AINode discovers peers automatically via UDP broadcast on port 5679. Once discovered, the master can shard one large model across all GPUs using tensor-parallel inference over NCCL. Verified: 4× DGX Spark, 487 GB aggregated VRAM, NCCL over RoCE at 200 Gbps.

Step 1: Install on each node

# Master node
curl -fsSL https://ainode.dev/install | bash -s -- --job master

# Each worker node
curl -fsSL https://ainode.dev/install | bash -s -- --job worker

Step 2: Open the cluster UI

Navigate to http://<master-ip>:3000Cluster tab. Nodes appear automatically as they start broadcasting.
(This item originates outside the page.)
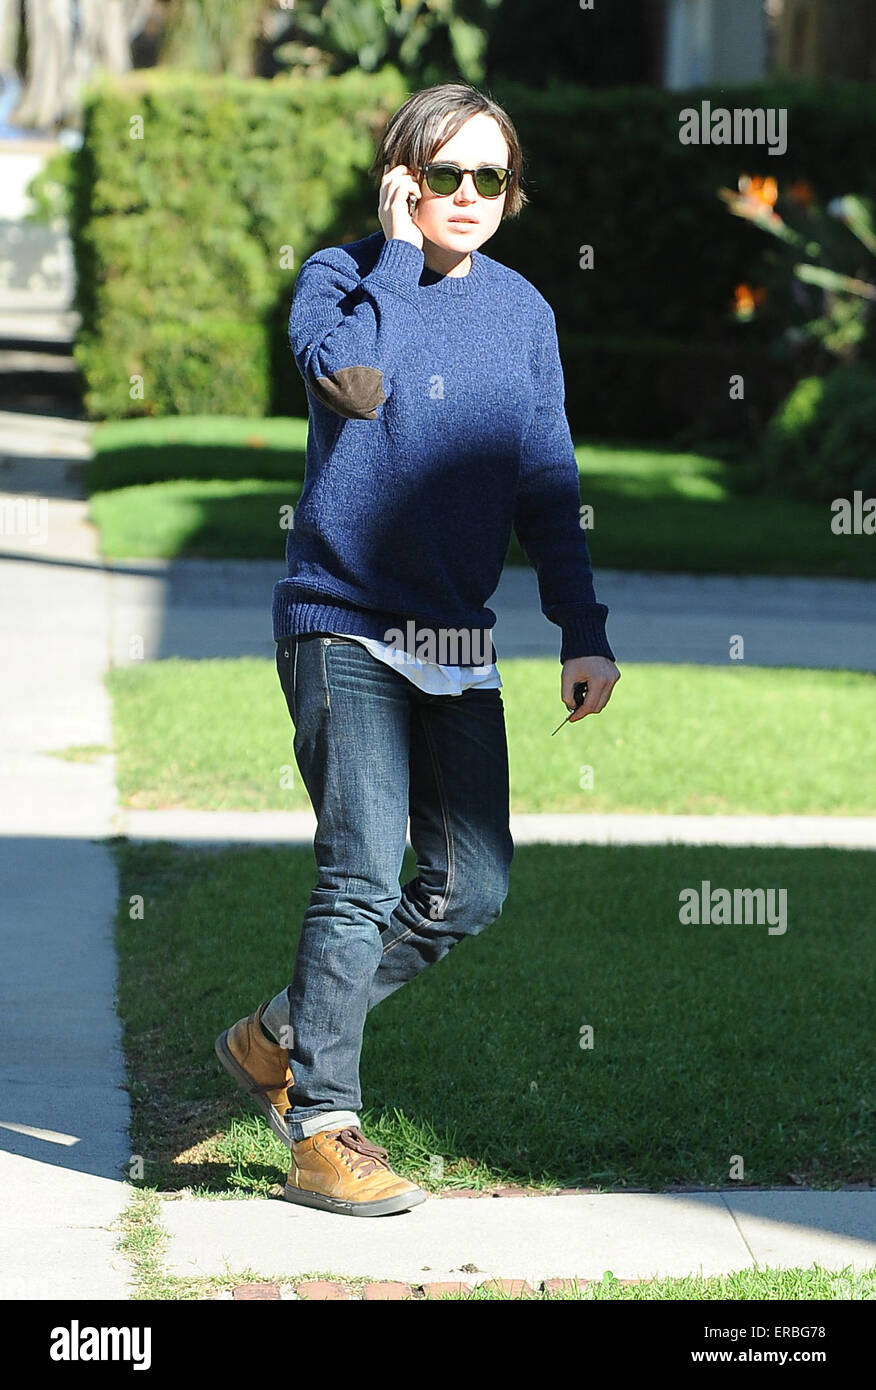 Ellen Page on the phone out and about in Los Angeles  Featuring: Ellen Page Where: Los Angeles, California, United States When: 26 Nov 2014 Credit: Sharppix/WENN.com Stock Photo

Step 3: Launch distributed inference

  1. Go to ConfigCluster
  2. Set Minimum Nodes to the desired count
  3. Pick Tensor Parallel mode
  4. Click Launch
The master SSHes into each worker, forms a Ray cluster, and starts vLLM with TP=N.

Network requirements

RequirementWhy
Passwordless SSH between nodeseugr’s launcher SSHes into each peer
One NIC per cluster subnetMulti-NIC routing ambiguity causes NCCL hangs
UDP port 5679 open on cluster subnetPeer discovery
TCP ports 6379, 10001–10009, 29500Ray + NCCL rendezvous
Use the direct fabric NIC (ConnectX-7 / enP2p1s0f1np1) for NCCL, not Tailscale. Tailscale adds ~2ms RTT which degrades throughput significantly.

VRAM reference

NodesAggregated VRAMLargest model
1× GB10122 GBLlama 3.1 70B (fp16)
2× GB10244 GBLlama 3.1 70B (fp16)
4× GB10487 GBLlama 3.1 405B (AWQ)

Troubleshooting

Ray placement group hangs indefinitely
More than one NIC has an IP on the cluster subnet. Remove the extra IP or set NCCL_SOCKET_IFNAME explicitly in the cluster config.
NCCL using socket transport instead of RoCE
Check with ainode logs -f | grep "Using network". Should say NET/IB RoCE. If it says Socket, the mlx5 driver isn’t loaded or the ConnectX-7 isn’t on the cluster fabric.
Workers not appearing in topology
Confirm UDP port 5679 is open. All nodes must be on the same broadcast domain (same L2 subnet).